Evaluating the safety and tolerability of inpatient sacubitril/valsartan initiation in a community hospital

Background: Sacubitril/valsartan has been incorporated into guidelines based on the results of the PARADIGM-HF trial, which demonstrated reduced mortality in stable patients with heart failure with reduced ejection fraction (HFrEF). Sacubitril/valsartan is recommended in addition to other HF therapies in place of an angiotensin-converting-enzyme inhibitor or angiotensin-receptor-blocker. Objectives: To evaluate the safety and tolerability of sacubitril/valsartan initiation in a community hospital. Design/methods: This single-center, retrospective review evaluated patients that received >= 24 hours of sacubitril/valsartan therapy August 2015-March 2018. The primary outcome included the incidence of hypotensive events during hospitalization.
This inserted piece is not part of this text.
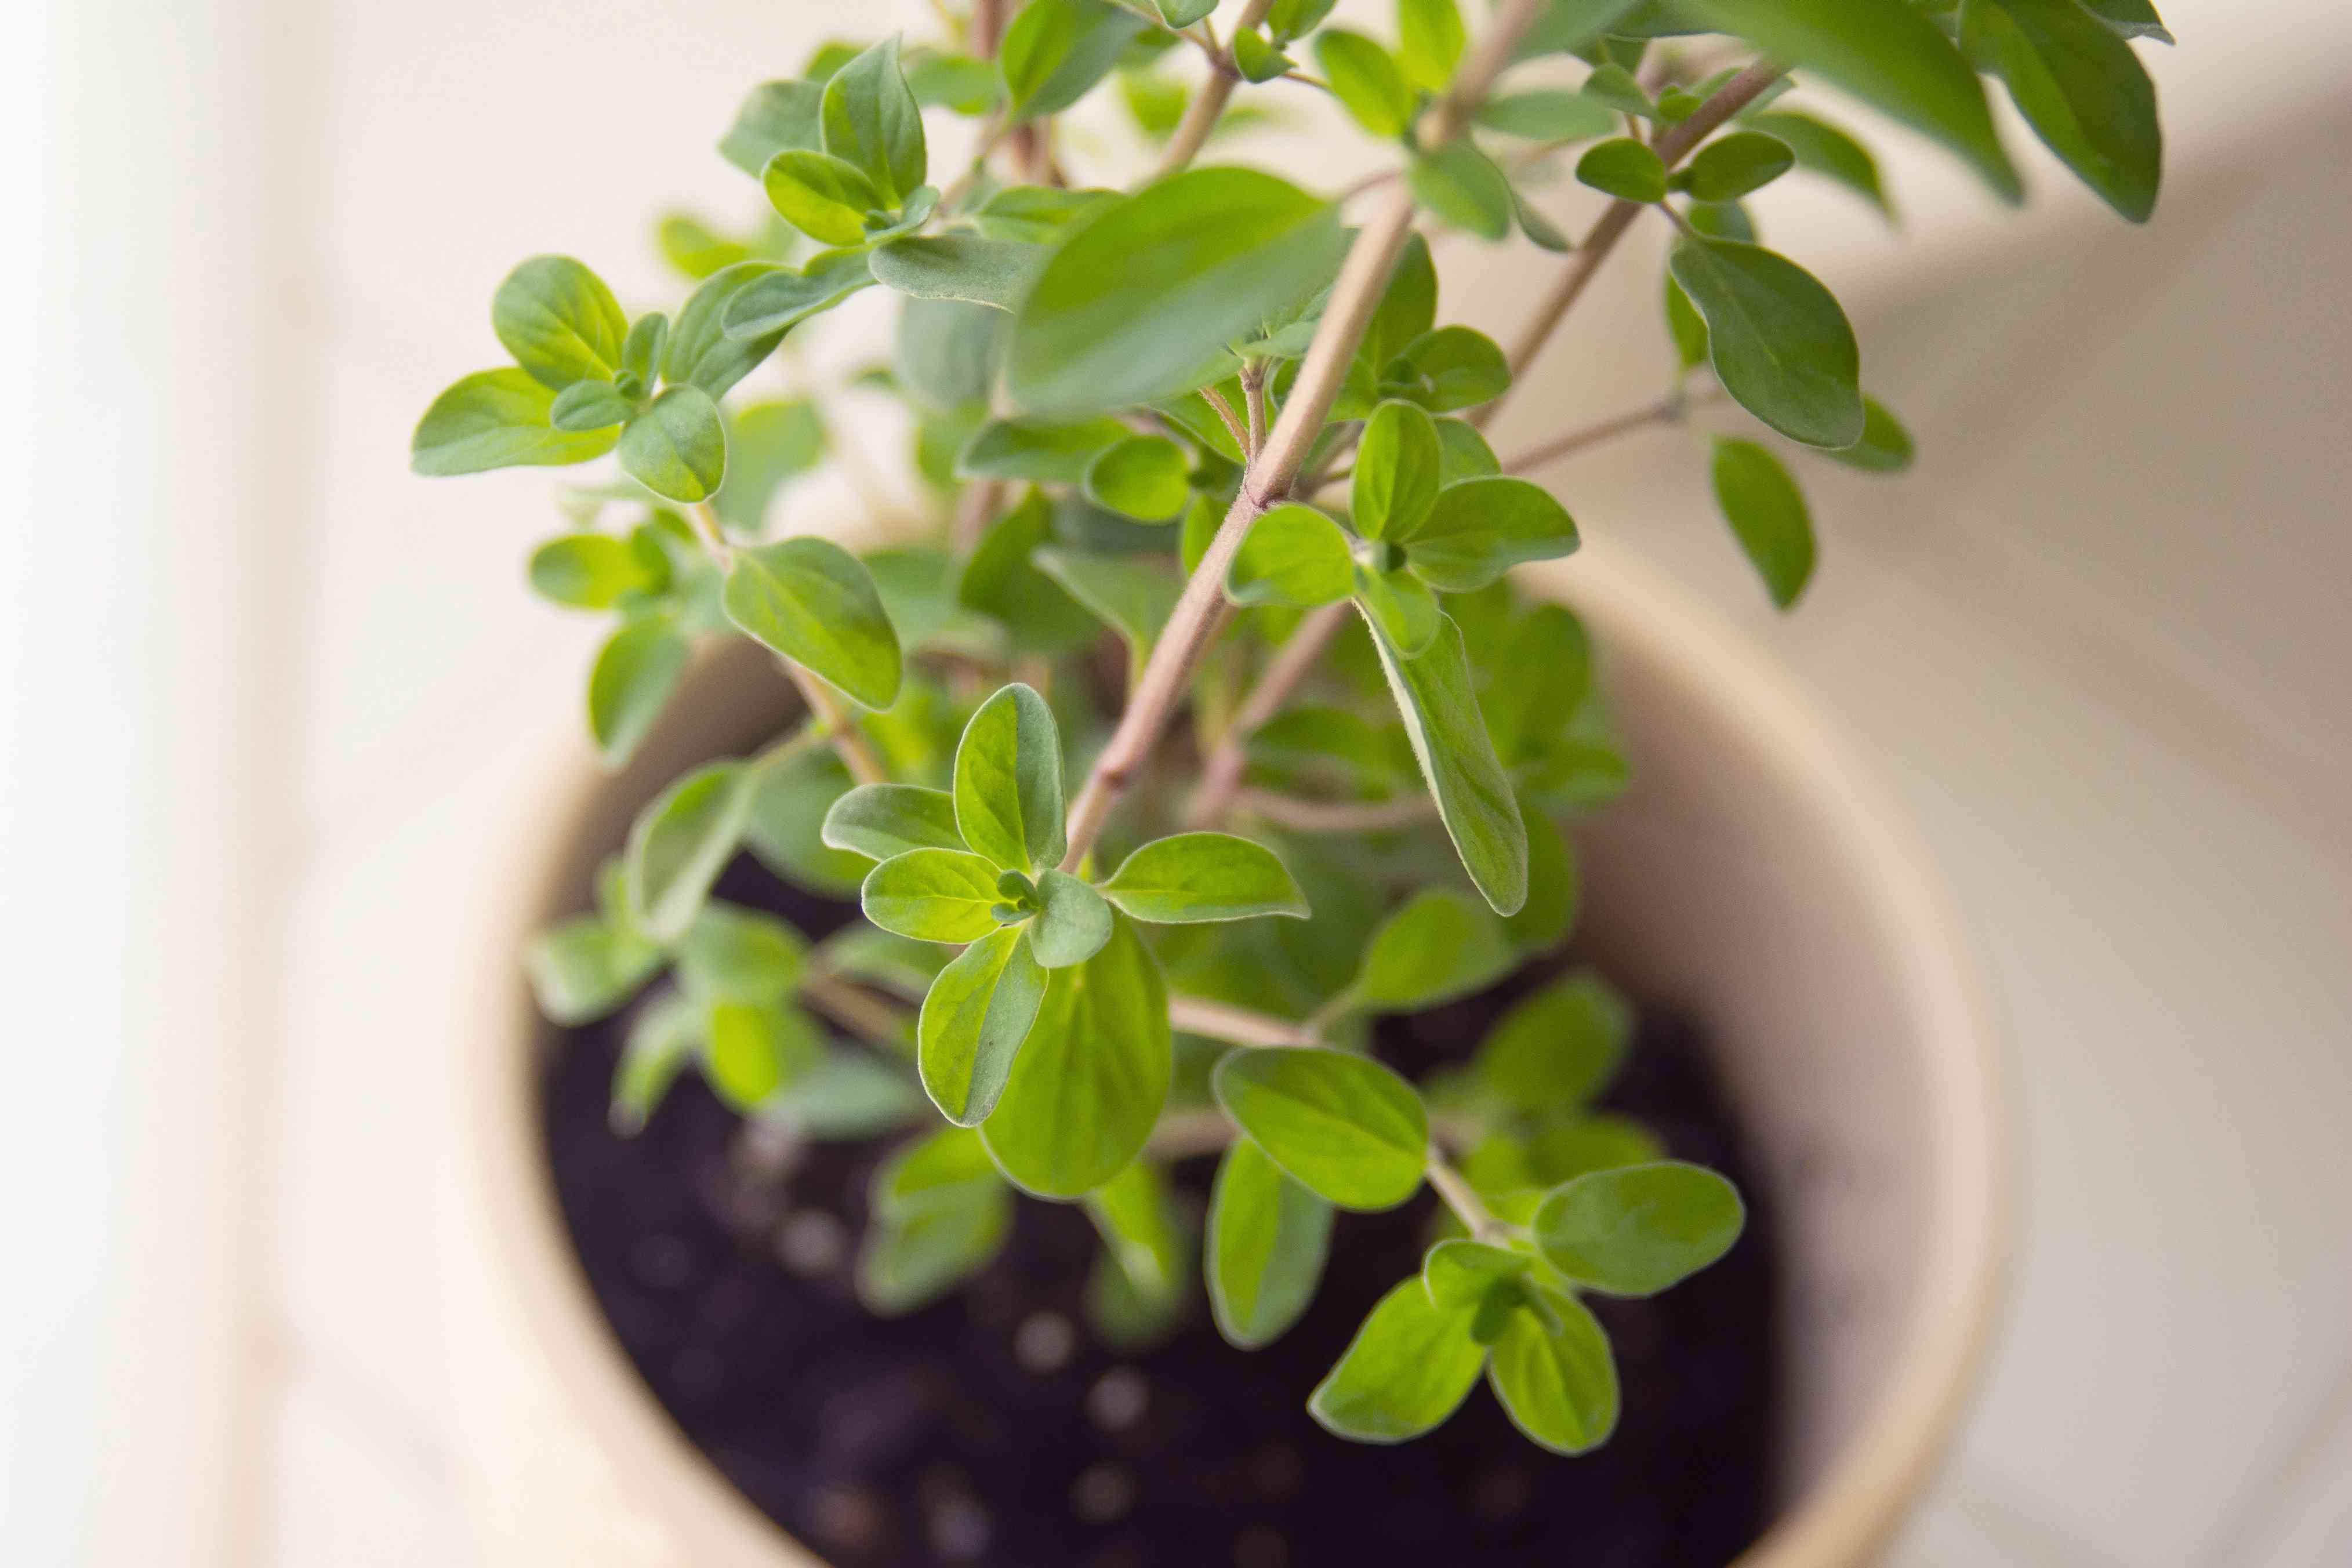 Sweet marjoram herb plant in cream colored pot closeup

Secondary outcomes included: incidence of inpatient acute kidney injury (AKI) and hyperkalemia, rates of inpatient discontinuation, and change in ejection fraction (EF) >= 30 days after initiation. Results: Of the 59 patients included, 21 (35.6%) experienced a hypotensive event. A total of 6 patients (10.2%) discontinued therapy while inpatient, which was more likely in patients that developed AKI (n = 3; p = 0.005) or those who experienced a hypotensive event (n = 5; p = 0.018). There was a significant difference in mean EF from baseline to >= 30 days post-initiation (24.8% vs. 33.2%; p = 0.018). Conclusion: Careful patient selection and monitoring for hypotension, AKI, and hyperkalemia can help increase successful outcomes and improve patient safety.